::: Entries shown :::

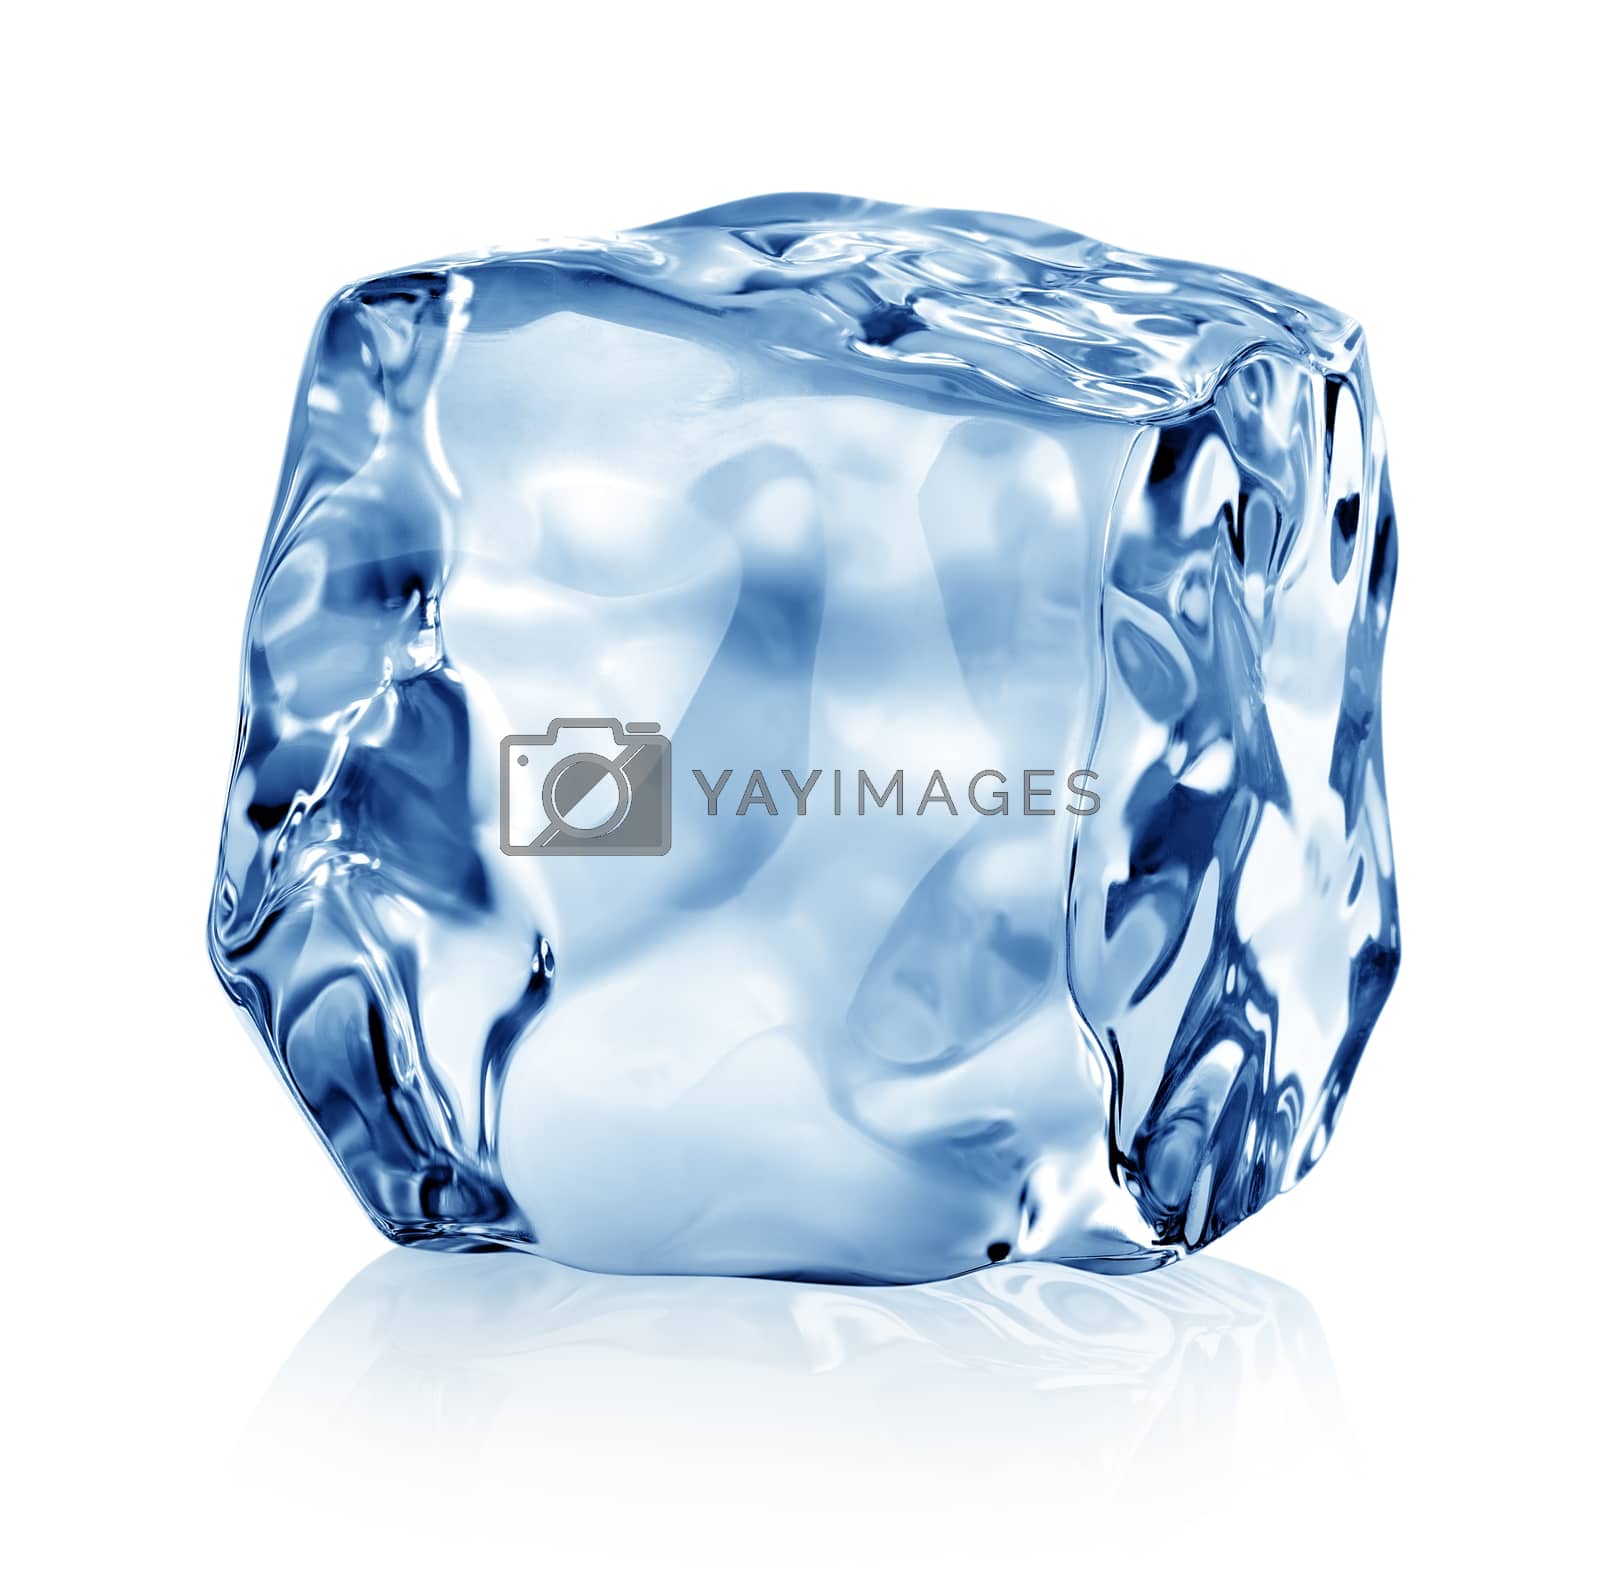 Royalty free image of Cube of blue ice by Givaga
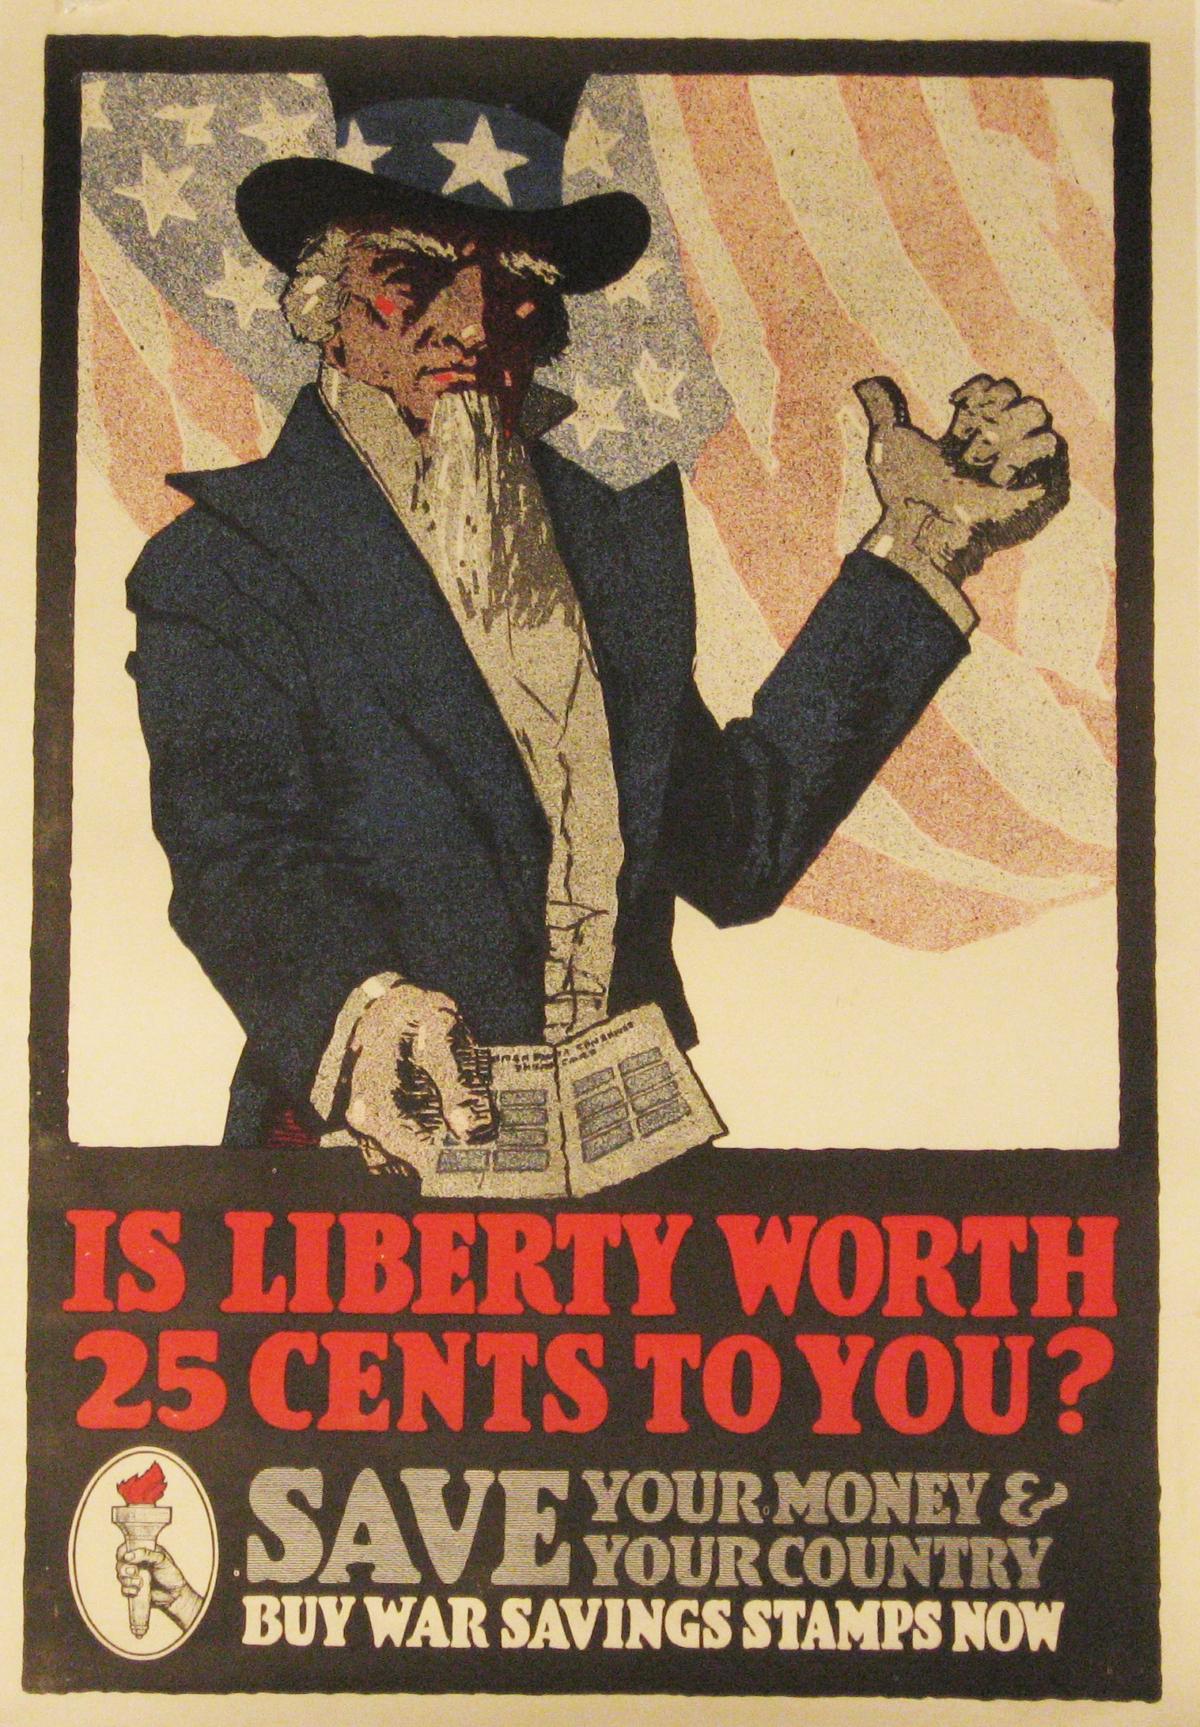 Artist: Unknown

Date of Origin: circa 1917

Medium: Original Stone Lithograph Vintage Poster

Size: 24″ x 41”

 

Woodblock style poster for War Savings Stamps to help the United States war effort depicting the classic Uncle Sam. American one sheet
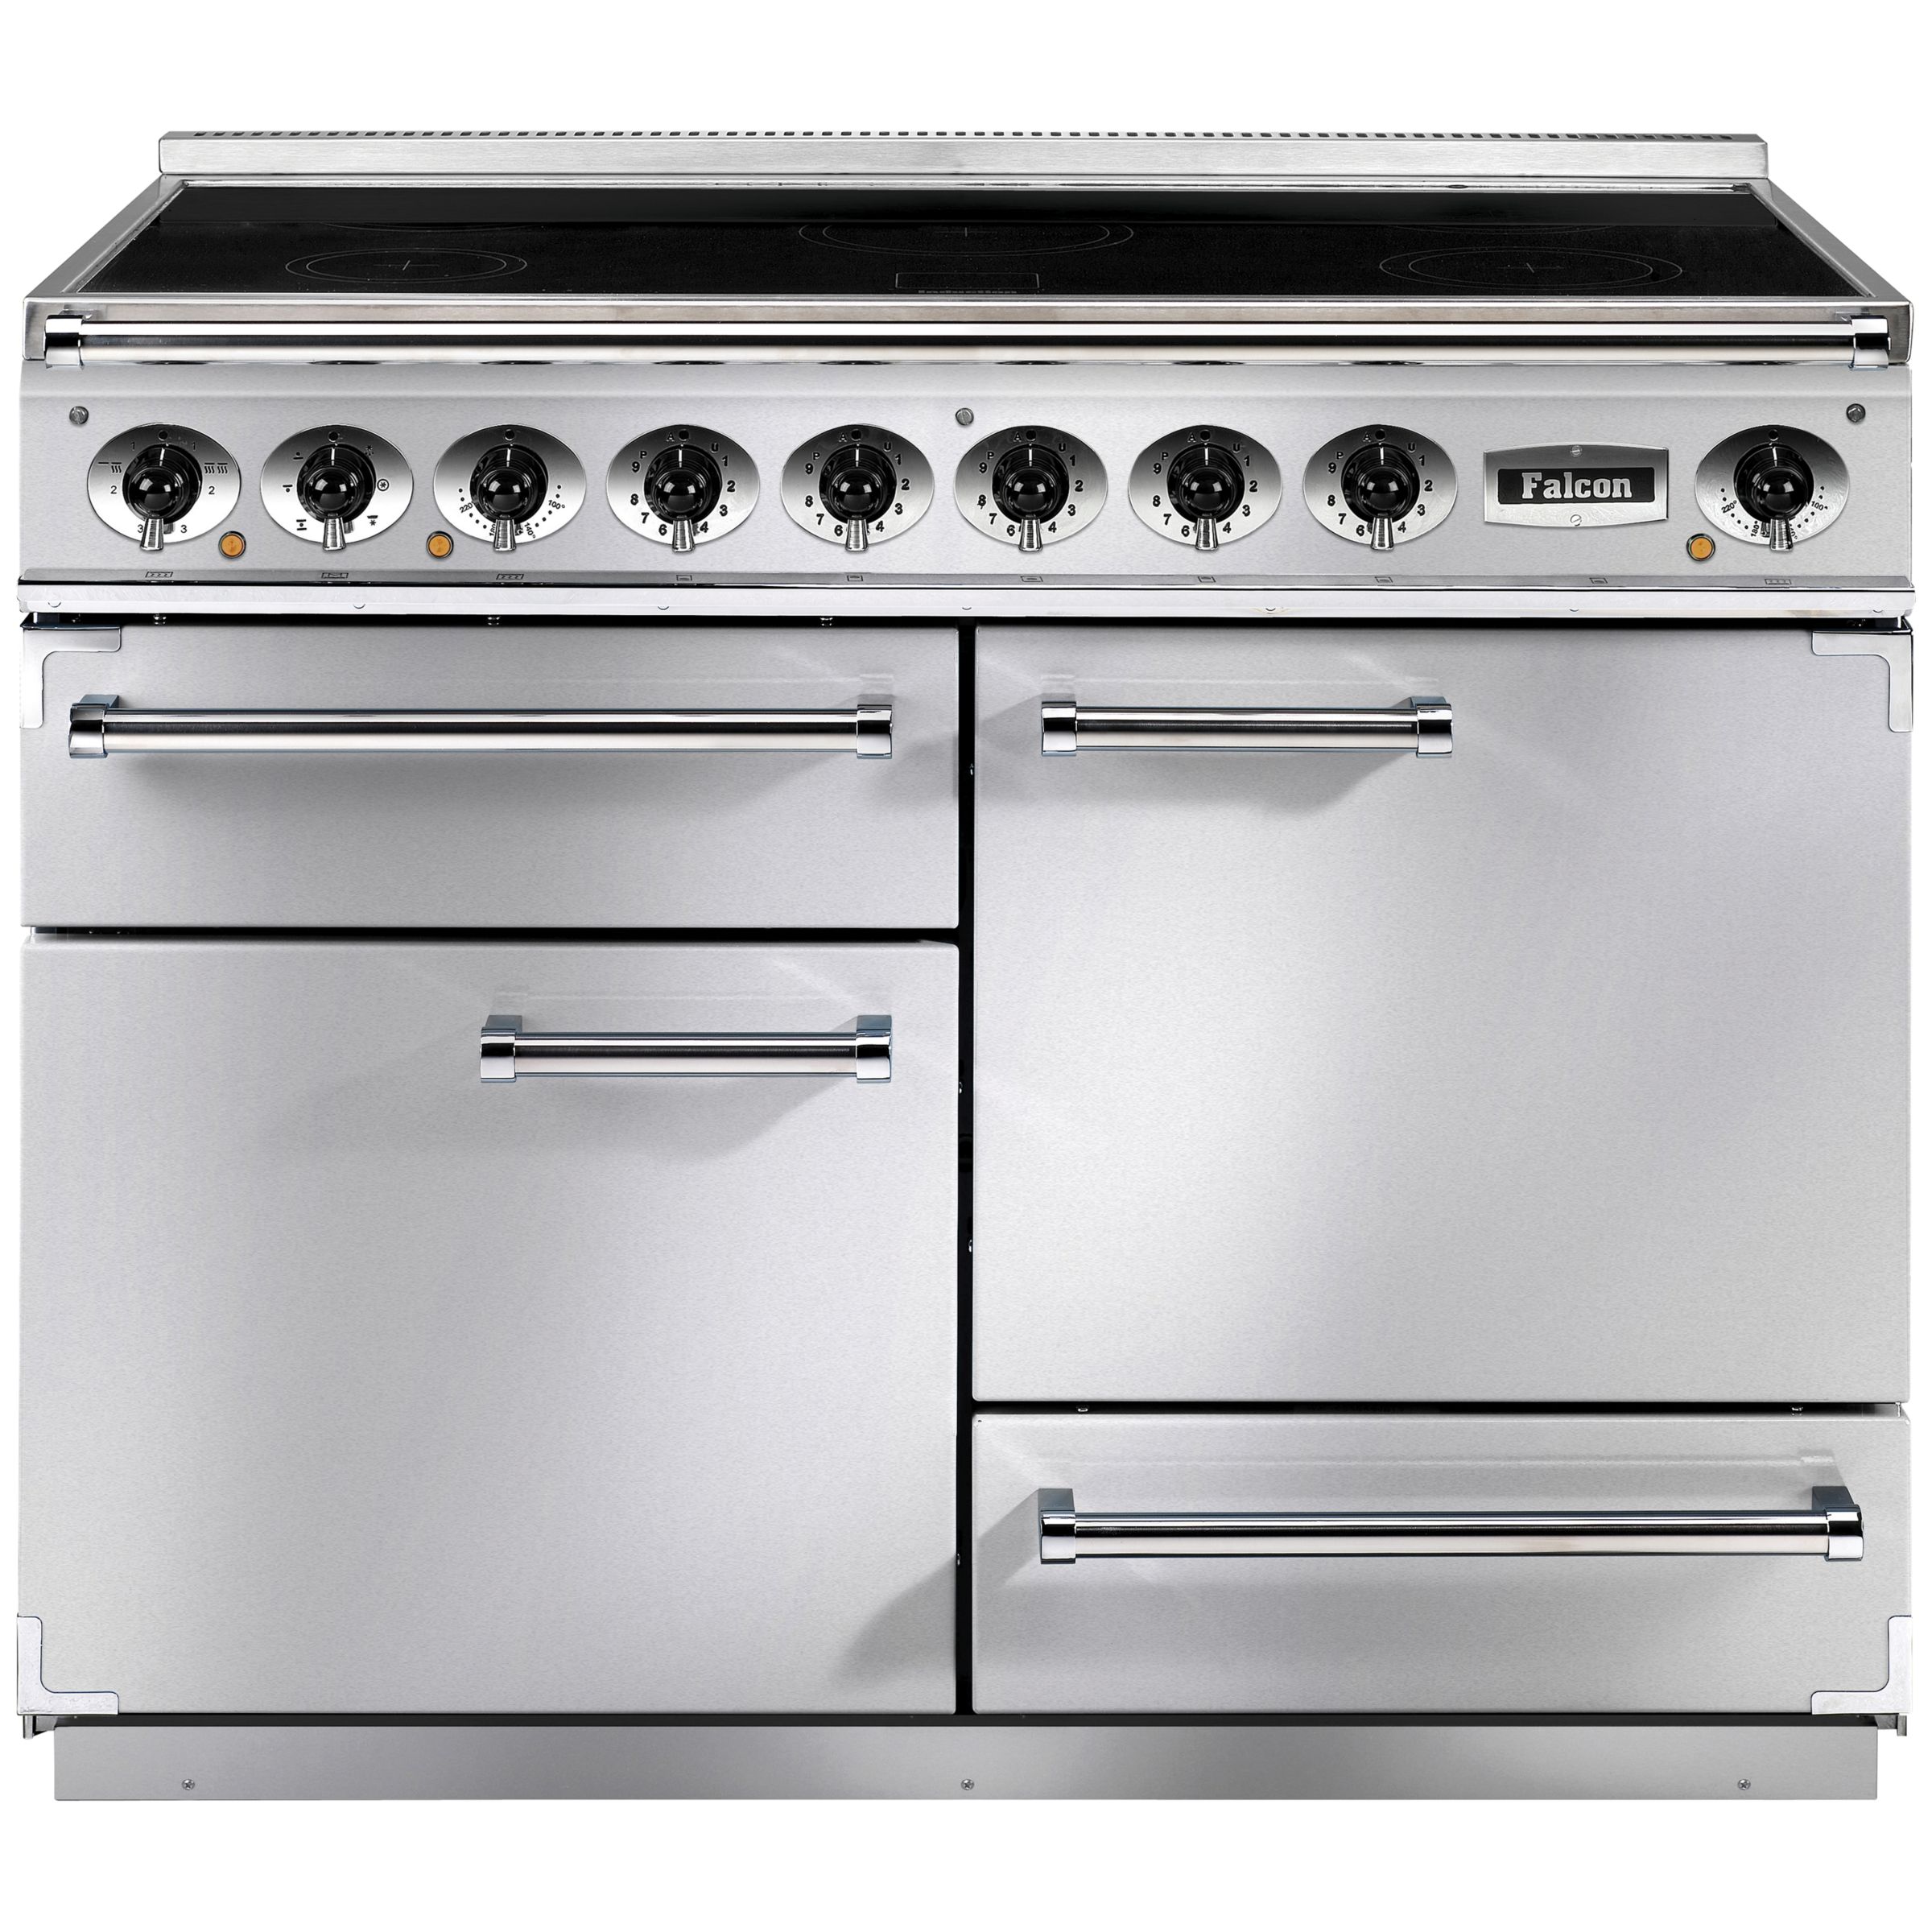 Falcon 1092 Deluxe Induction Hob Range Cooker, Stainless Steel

:::

Exercise aim: Word for word, quote the lines above. Omit the pictures.

Task response:
 Royalty free image of Cube of blue ice by Givaga
 Artist: Unknown

Date of Origin: circa 1917

Medium: Original Stone Lithograph Vintage Poster

Size: 24″ x 41”

 

Woodblock style poster for War Savings Stamps to help the United States war effort depicting the classic Uncle Sam. American one sheet
 Falcon 1092 Deluxe Induction Hob Range Cooker, Stainless Steel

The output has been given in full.